Well, hell week is finally at a close, but not without a big sha-bang of a sendoff.

My car had a flat yesterday. A doozie of a flat. So, I pump it up every few miles to get it to the repair shop, and whizbang. The rest of my tires are bald! Now, I shouldn't be surprised. The things are ancient and they were crap to begin with. But really, its just insult to injury.

So, my dog almost died (in my mind anyway), my car battery died leaving me stranded, I got a flat, I had to replace ALL my tires, and I've had one hell of a week at work with everyone out and a shithead of a co-wroker who likes scheduling lunchtime meetings and Friday afternoon meetings when we all have Friday afternoons off during the summer!!!!! Dickhead.

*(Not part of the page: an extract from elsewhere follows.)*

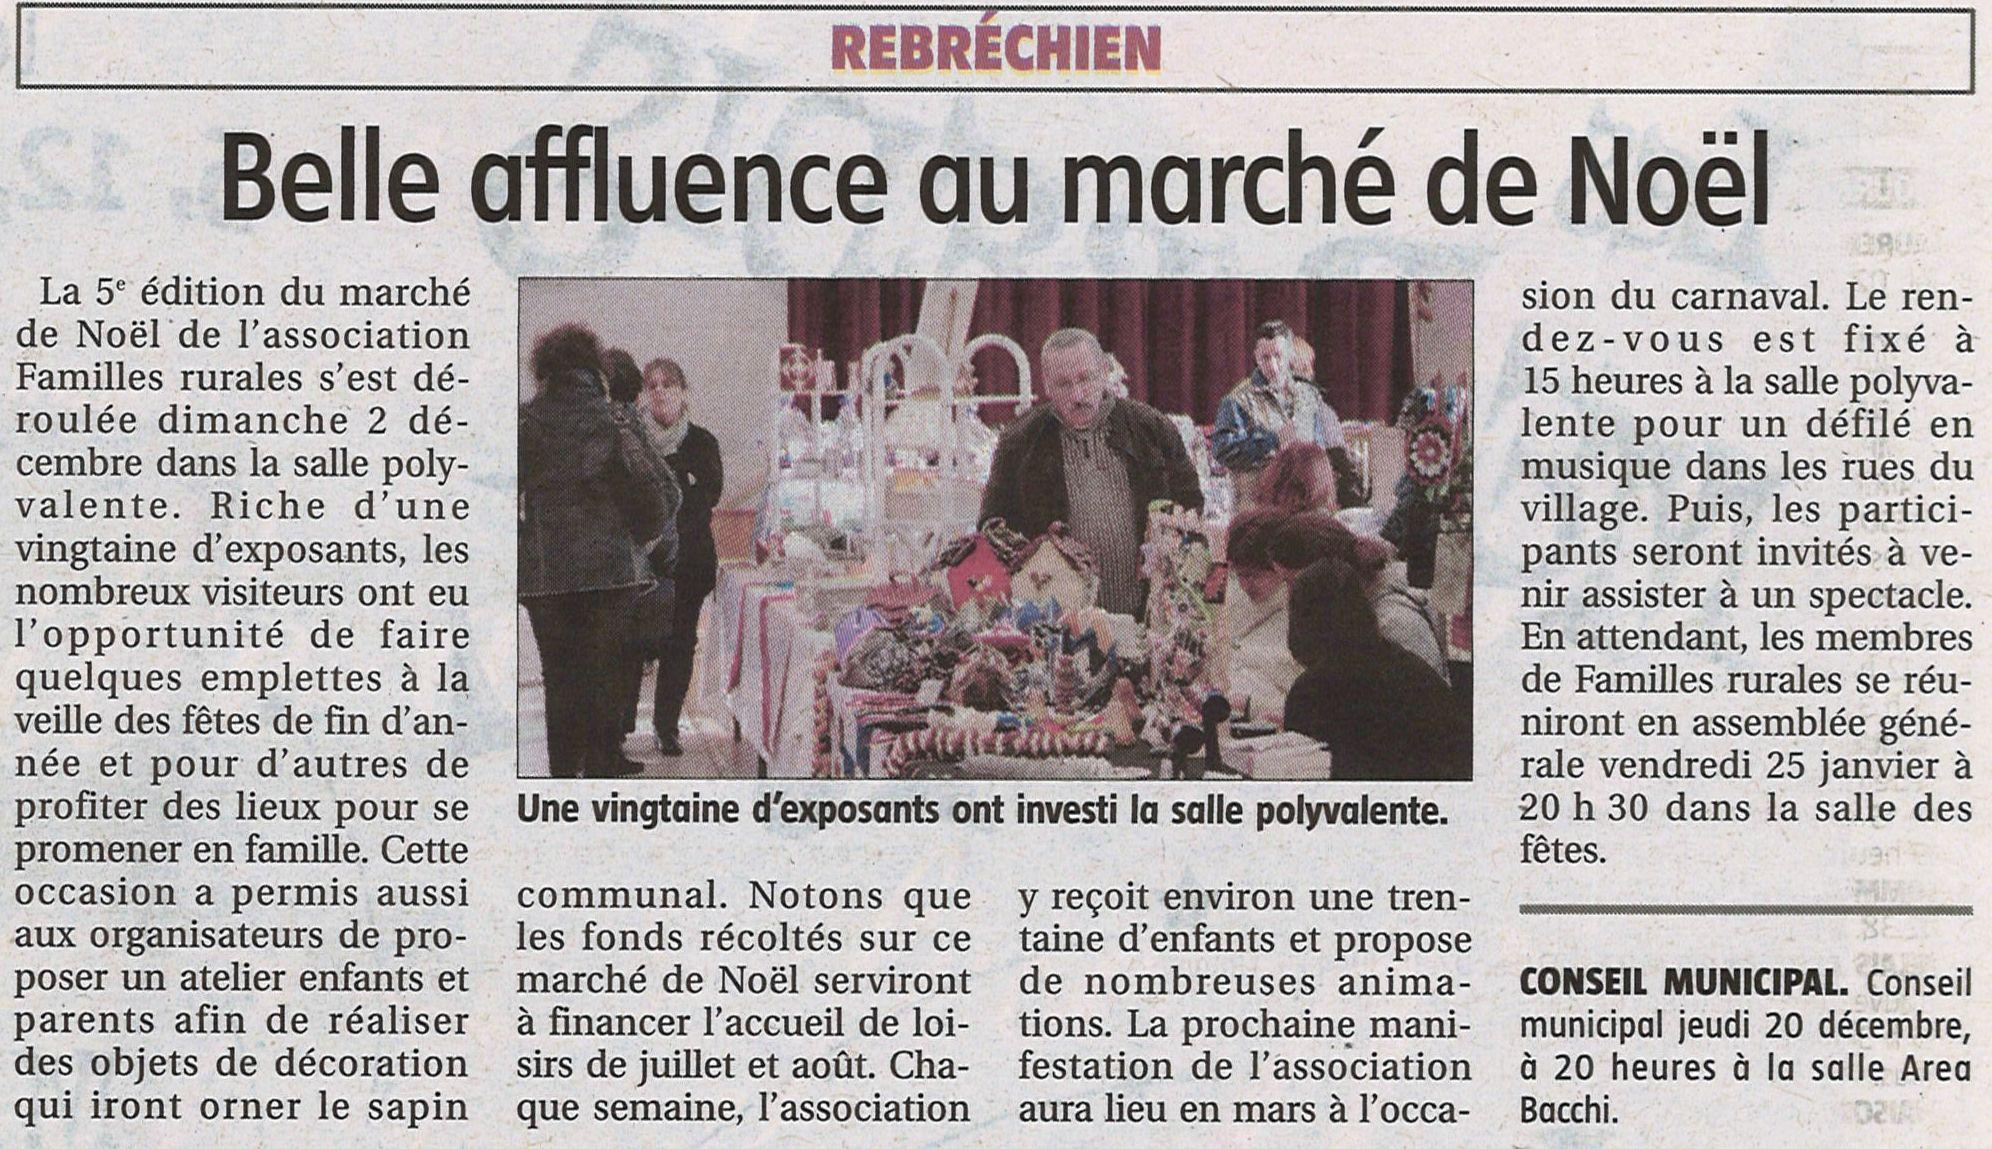 article de noel Marché de Noël 2012 | Rebréchien article de noel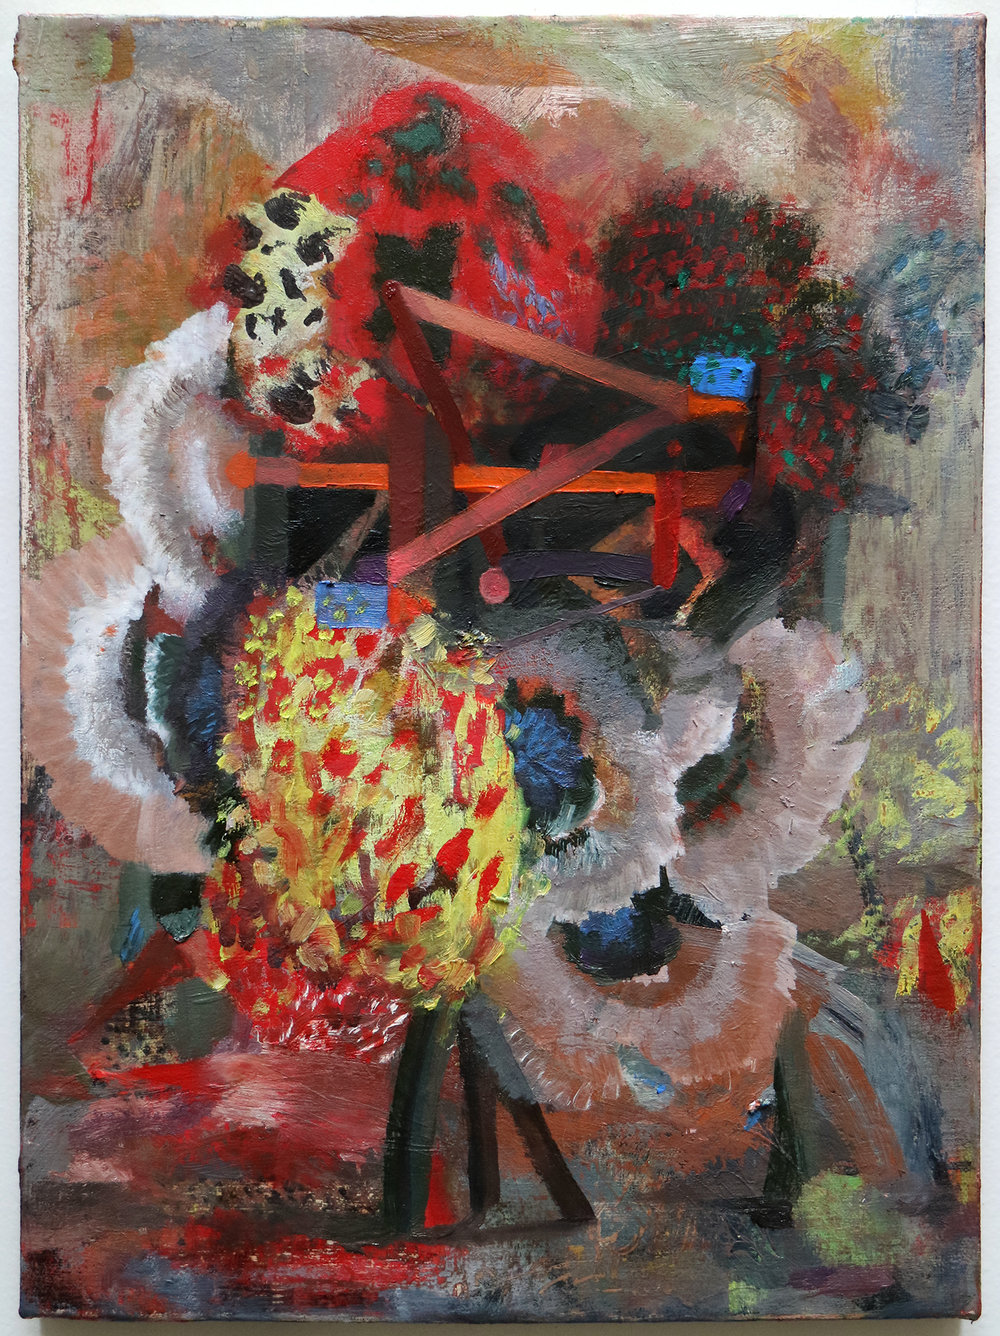 """Lumin Wakoa, """"spinning"""", 2017, oil on linen, 12 x 9 in"""

So, this weekend, I'm going for the gusto.

1. Drink obscene amounts of alcohol and end up taking a nap on some busy sidewalk with do it boy screaming "Can we do it" in my ear.

2. Maybe not number one then.

3. Drink lots of water and keep cool.

4. Meet some extra cute (or ugly in my case) boy who will think I'm the woman of his dreams. This boy will NOT be a freak, be needy, require viagra, be attached to another woman, etc, etc, etc.

5. Get my ticket to Wyoming to see cruise lassies!

6. CALM DOWN! ... I'M NOT YELLING!

7. Exercise in a civilized manner (i.e. not in the heat unless I'm wet).

8. Not waste time pouting about how hard it is to be a Zencelt.

9. Eat a twinkie dick. (See #10)

10. WISH SIXWEASELS A VERY HAPPY BIRTHDAY! Go leave her a note.